Eight South Florida Mosh Pit Memories from a Former Slam Dancing Enthusiast
Hell Hath No Fury Like Dorks Moshing to Emo
In 2002, when MTV News debuted their Social History of the Mosh Pit documentary, Green Day's Tré Cool described the average rock audience's lust for slam dancing whenever possible. He highlighted the band's sentimental hit-single, "When I Come Around," from 1994's Dookie, as a prime example of a mid-tempo ballad that dorks and doofuses alike fervently find a way to slam to and/or along with. I experienced a similar frustration when during the summer of that same year, I caught Jimmy Eat World, and had to endure endless shoving and constant near-trampling. Bitches definitely killed my Will to Vibe during the extended emo-gaze outro on "Goodbye Sky Harbor."
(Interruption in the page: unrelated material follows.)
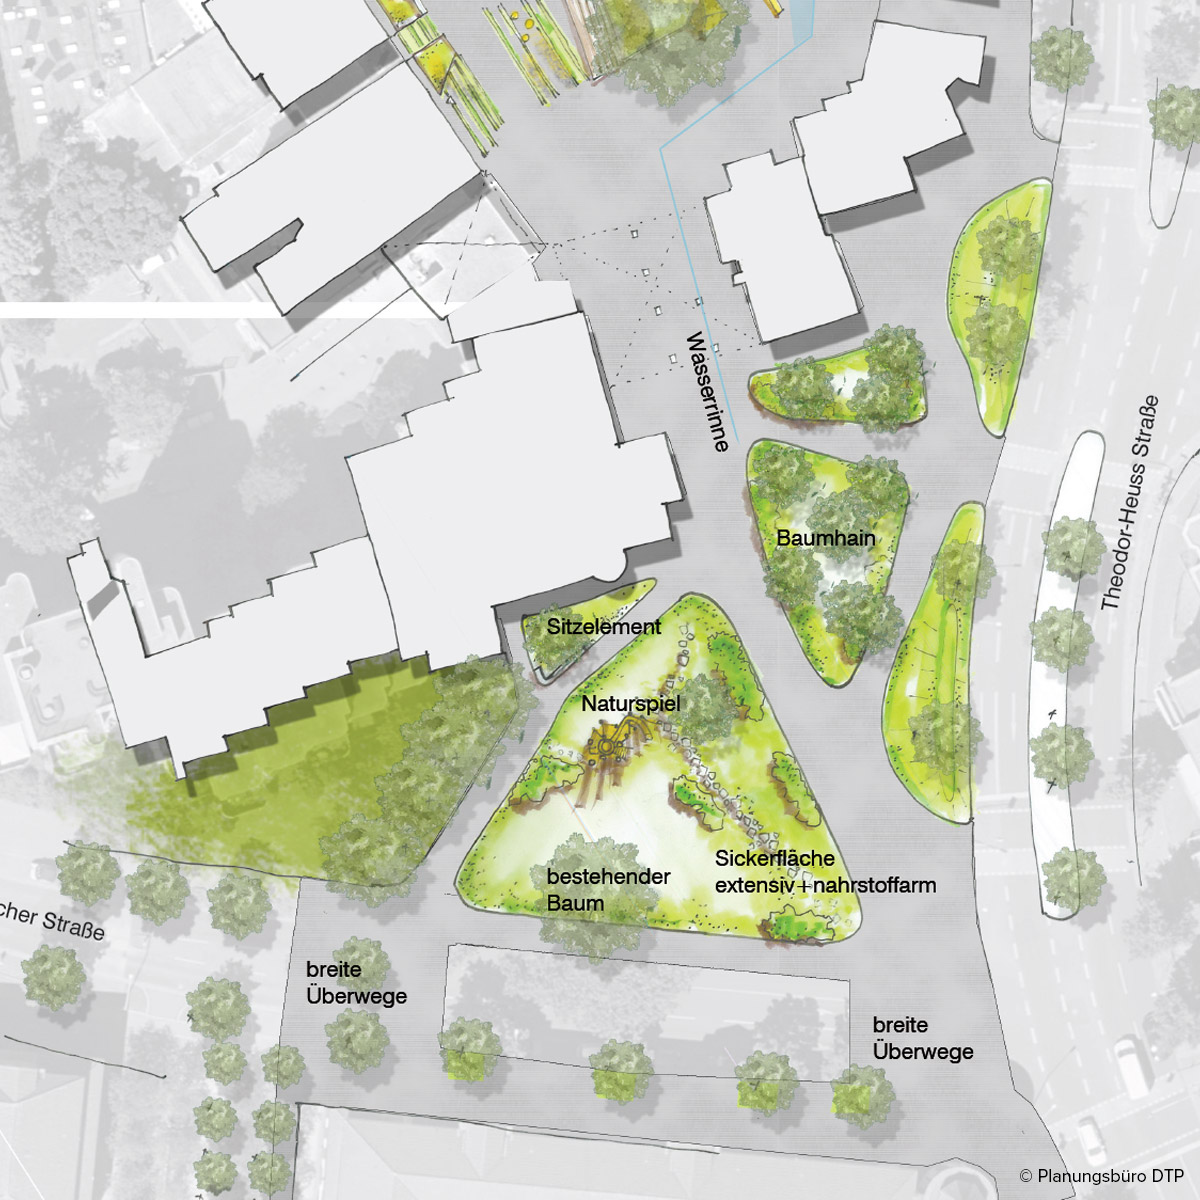 Gezeichnete Planungsskizze zu grünen Umgestaltung des Wohnviertels in Herten.

South Florida Hardcore vs. Boston's American Nightmare
2002 was a big year for formative pit experiences. At a Fort Lauderdale gig featuring South Florida mosh-emo legends, Poison The Well, and old school/new school hybrid act, American Nightmare, I noted more than one sweat soaked parpiticpant sporting mouthguards. And some kind of regional Florida versus New England beef resulted in the bloodthirsty crowd heckling the touring artists off the stage. Quote of the night was an XAnonymous BroX tastelessly heckling AN vocalist and future Cold Cave maestro, Wes Eisold, with the charge of being "a one-armed faggot."